The right hon. Gentleman may have heard “cuts in people’s incomes” in my announcement about universal credit. Let me explain to him how this works. When we cut the taper from 65% to 63%, we allow people to keep an extra 2% of the income they are earning. I would have thought he welcomed that.
This is all about making tough decisions, and I am very happy to debate with the right hon. Gentleman, but I just wish he would be honest enough to accept that we cannot shower money everywhere, proposing to spend money on everything, without having to raise that money, either by taxes on ordinary people or by cutting spending elsewhere. It is simply no good to keep on pretending that we can do that just by taxing the rich. The top 1% of people in this country already contribute 27% of income tax paid, and unfortunately there are just not enough of them to be able to finance all the right hon. Gentleman’s ambitions.
The right hon. Gentleman said he was disappointed by the announcement on the national living wage. I do not remember—perhaps one of my hon. Friends can remind me—the level of the national living wage during the 13 years of Labour’s Government. He might note that the level I have announced today is precisely the level recommended by the Low Pay Commission, the body set up to pronounce on these things.

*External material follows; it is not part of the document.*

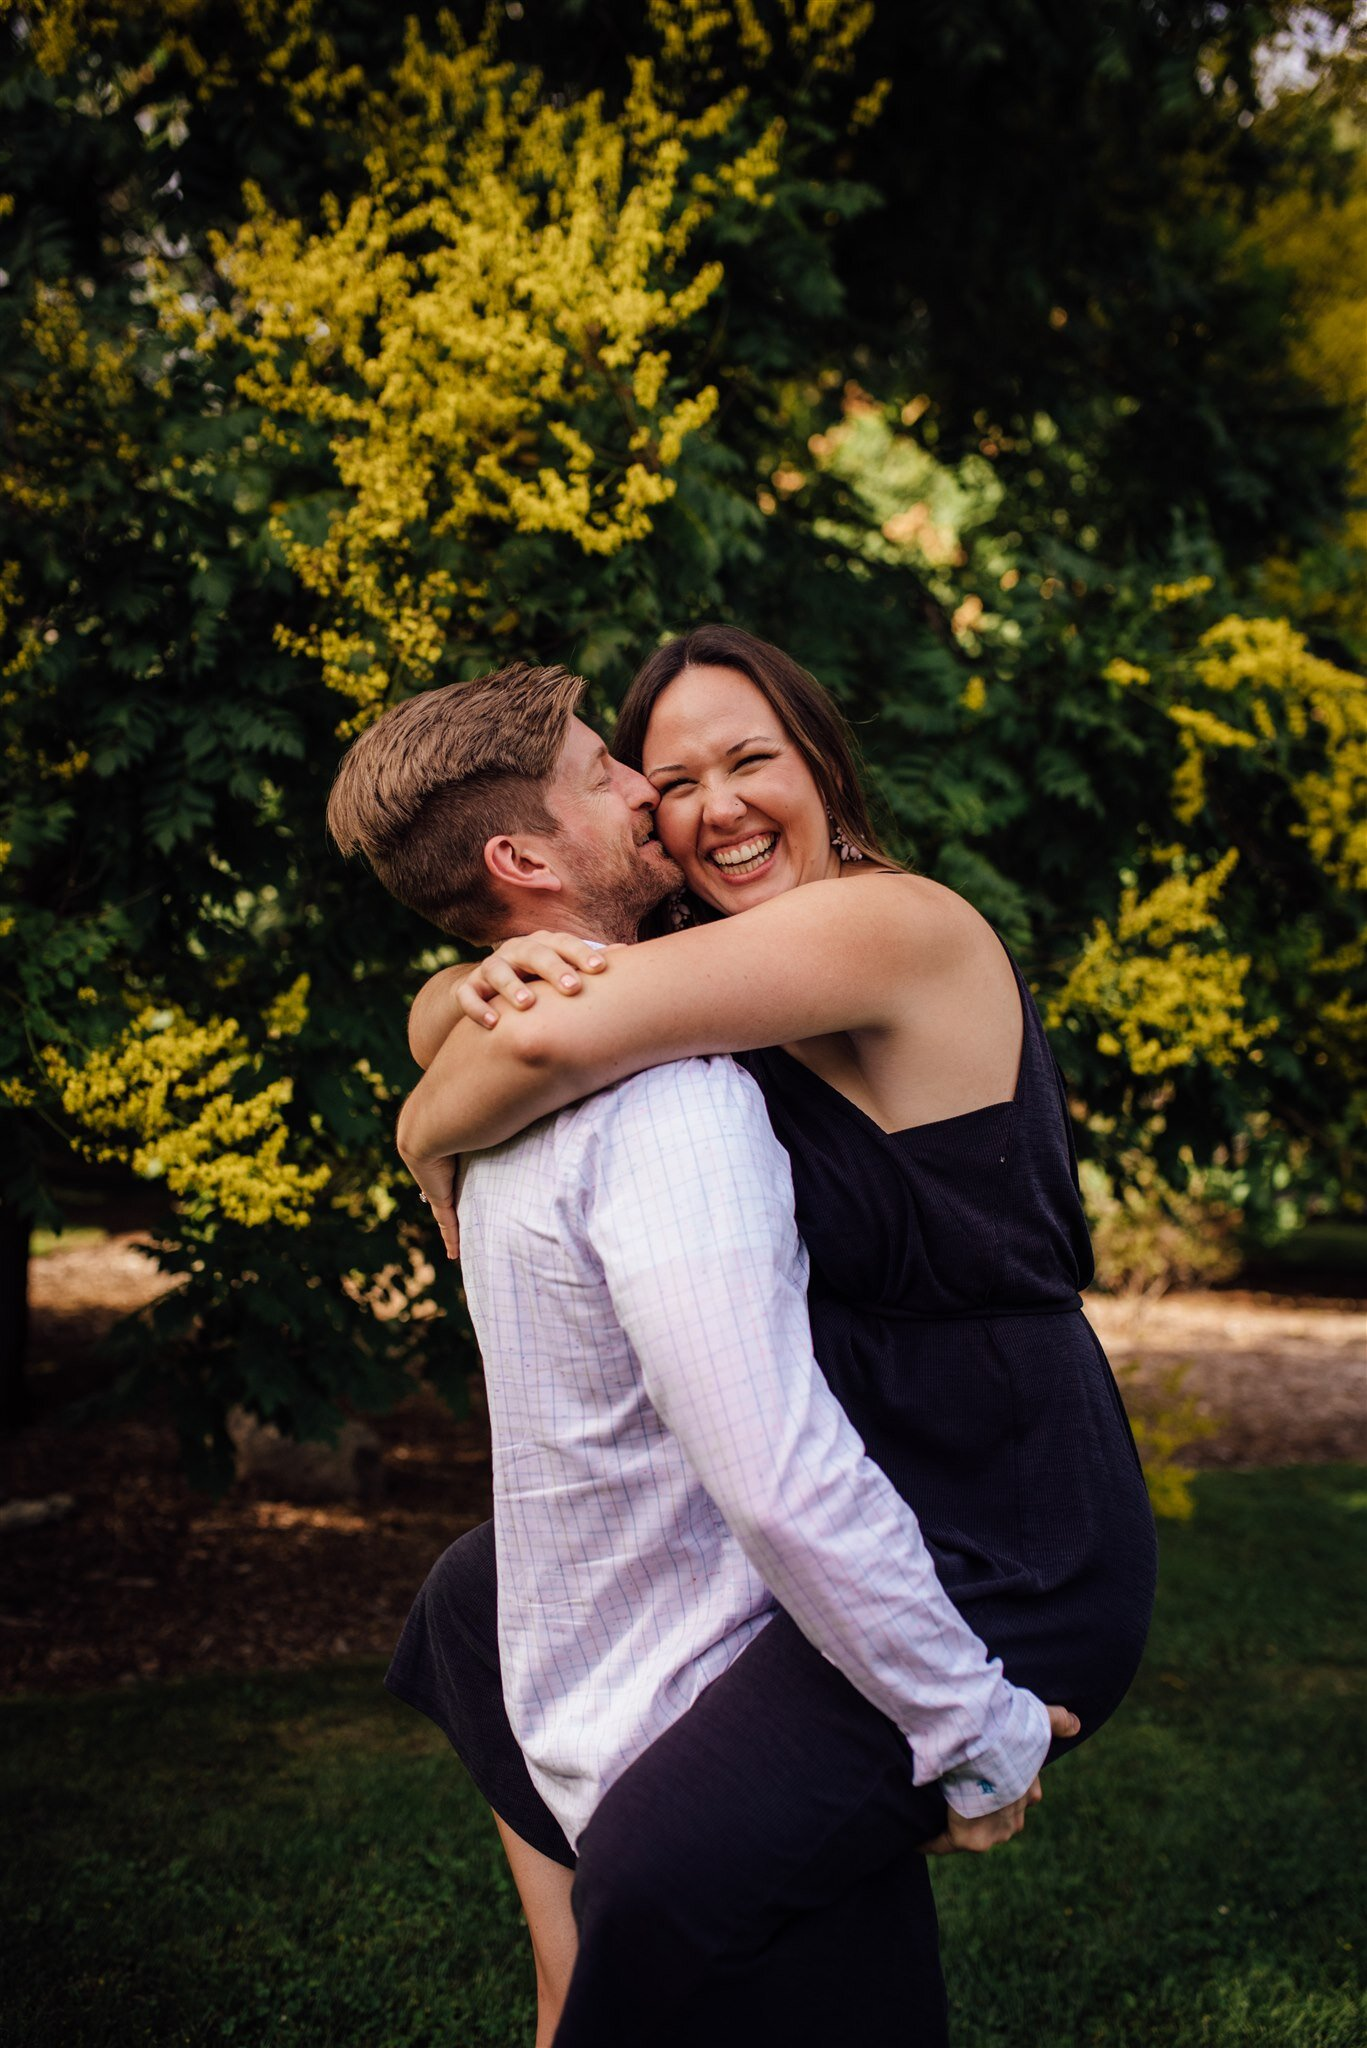 boston engagement session - new england wedding photographer - boston wedding photographer - arnold arboretum engagement

I wish the right hon. Gentleman would also be honest when he talks about the work-related activity group in the employment and support arrangements. This applies to new claims only, as he very well knows, so nobody is going to have £29 a week taken away from them however many times he says it. He also knows that it is not a stand-alone measure; it is part of a package. The money saved is being reinvested in a £330 million package to get these people into work, with targeted support to help them to be ready for work.
The right hon. Gentleman talks about house building starts. House building starts were 45% down under the last Labour Government.
The right hon. Gentleman and the Leader of the Opposition have spread division and disunity through the Labour party, and that is exactly what they would spread through the country if they ever—God forbid—got into government. The right hon. Gentleman says there are no new ideas; I have to say that he needs to check the opinion polling, because that is not quite what public opinion believes. Instead of carping and opposing every measure we propose, why doesn’t he roll up his sleeves and support us in the hard work of building an economy that works for everyone?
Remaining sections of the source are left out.